Every line from the one containing "(140802) -- SUZHOU, Aug." to the end of the data below should be copied exactly, but pictures should not.

MATERIAL PROVIDED:
.....
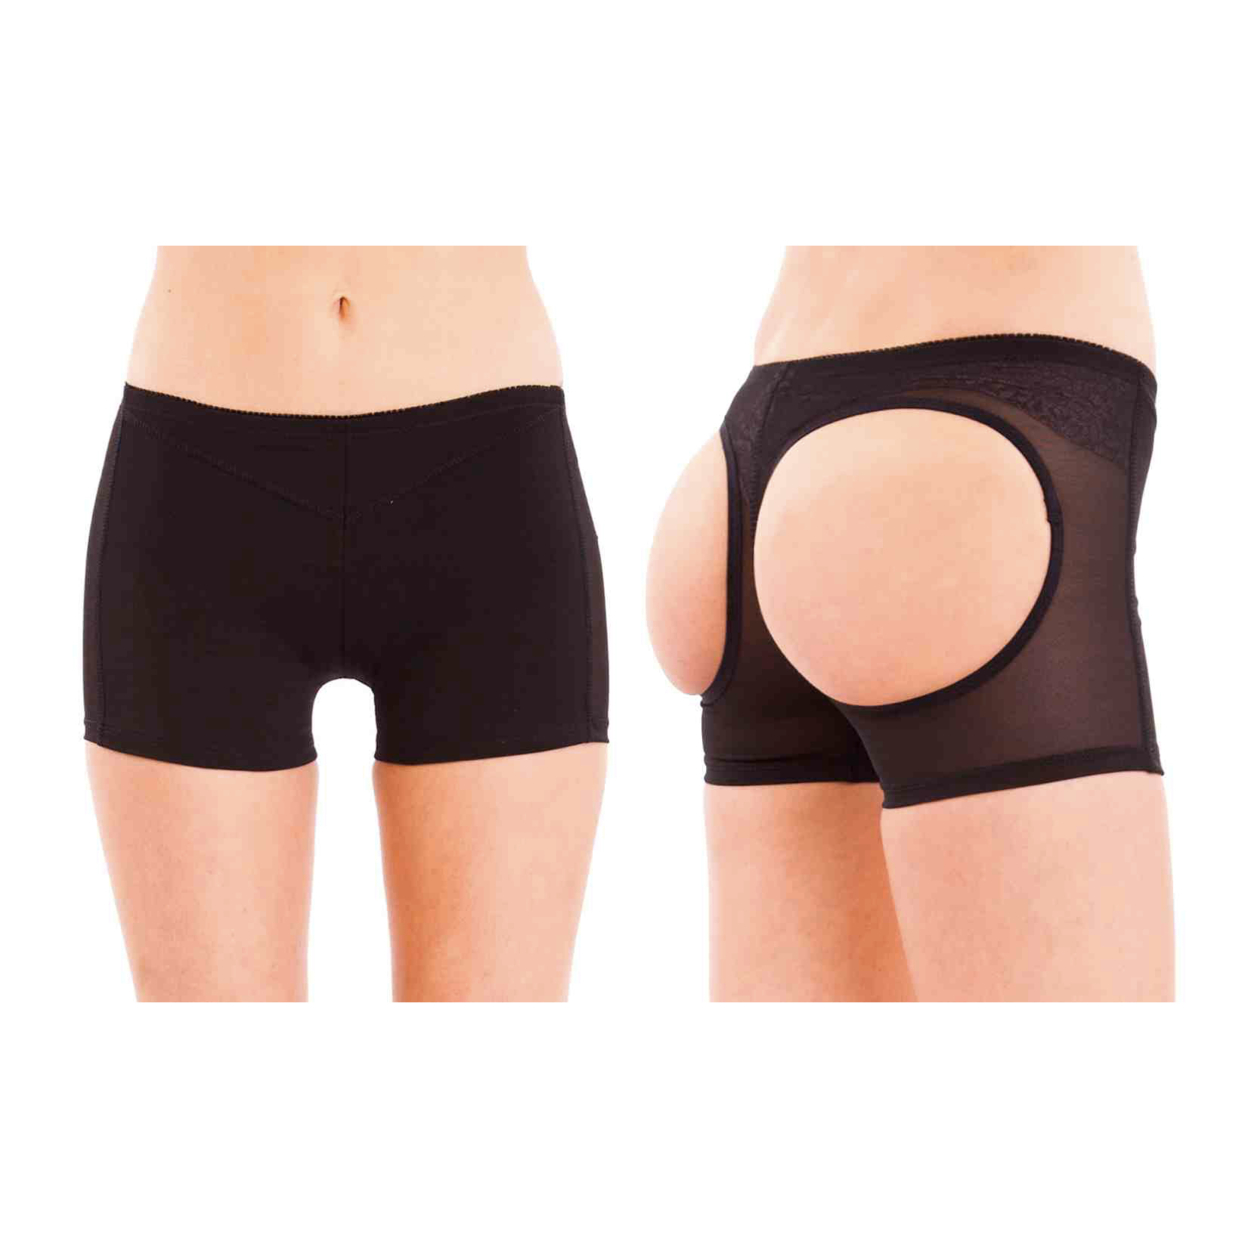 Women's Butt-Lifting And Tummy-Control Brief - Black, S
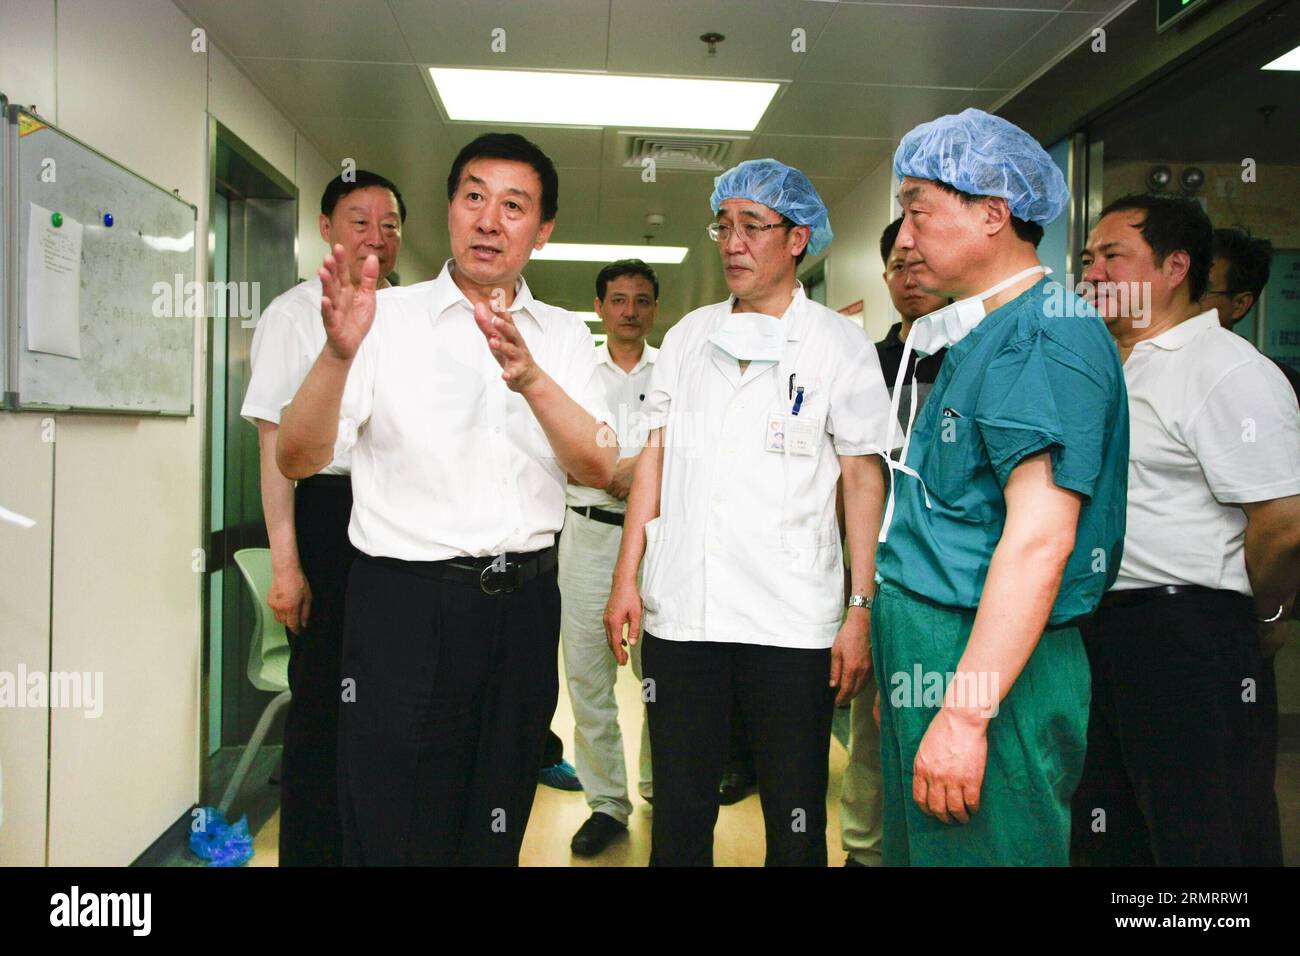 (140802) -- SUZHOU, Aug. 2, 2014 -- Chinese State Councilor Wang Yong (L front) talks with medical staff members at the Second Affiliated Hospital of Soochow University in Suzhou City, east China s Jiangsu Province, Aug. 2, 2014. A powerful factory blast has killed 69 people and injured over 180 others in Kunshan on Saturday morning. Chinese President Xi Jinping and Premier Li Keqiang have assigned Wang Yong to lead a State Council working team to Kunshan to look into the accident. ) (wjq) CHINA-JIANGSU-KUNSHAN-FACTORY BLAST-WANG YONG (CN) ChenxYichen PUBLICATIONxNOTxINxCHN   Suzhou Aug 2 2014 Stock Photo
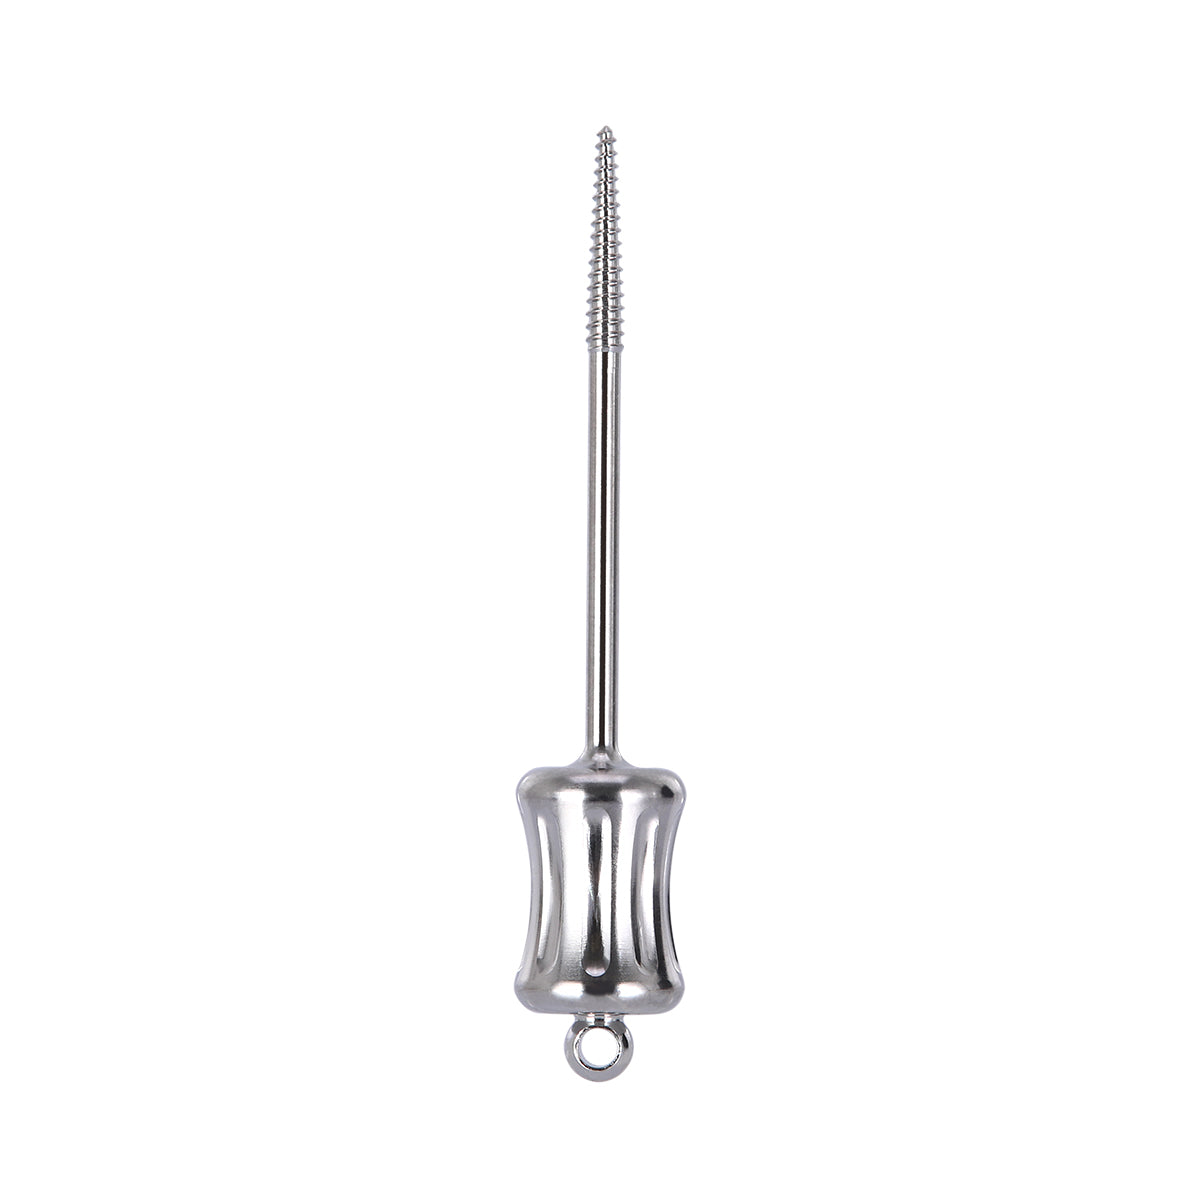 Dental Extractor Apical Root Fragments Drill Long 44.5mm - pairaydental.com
.....
TASK RESULT:
 (140802) -- SUZHOU, Aug. 2, 2014 -- Chinese State Councilor Wang Yong (L front) talks with medical staff members at the Second Affiliated Hospital of Soochow University in Suzhou City, east China s Jiangsu Province, Aug. 2, 2014. A powerful factory blast has killed 69 people and injured over 180 others in Kunshan on Saturday morning. Chinese President Xi Jinping and Premier Li Keqiang have assigned Wang Yong to lead a State Council working team to Kunshan to look into the accident. ) (wjq) CHINA-JIANGSU-KUNSHAN-FACTORY BLAST-WANG YONG (CN) ChenxYichen PUBLICATIONxNOTxINxCHN   Suzhou Aug 2 2014 Stock Photo
 Dental Extractor Apical Root Fragments Drill Long 44.5mm - pairaydental.com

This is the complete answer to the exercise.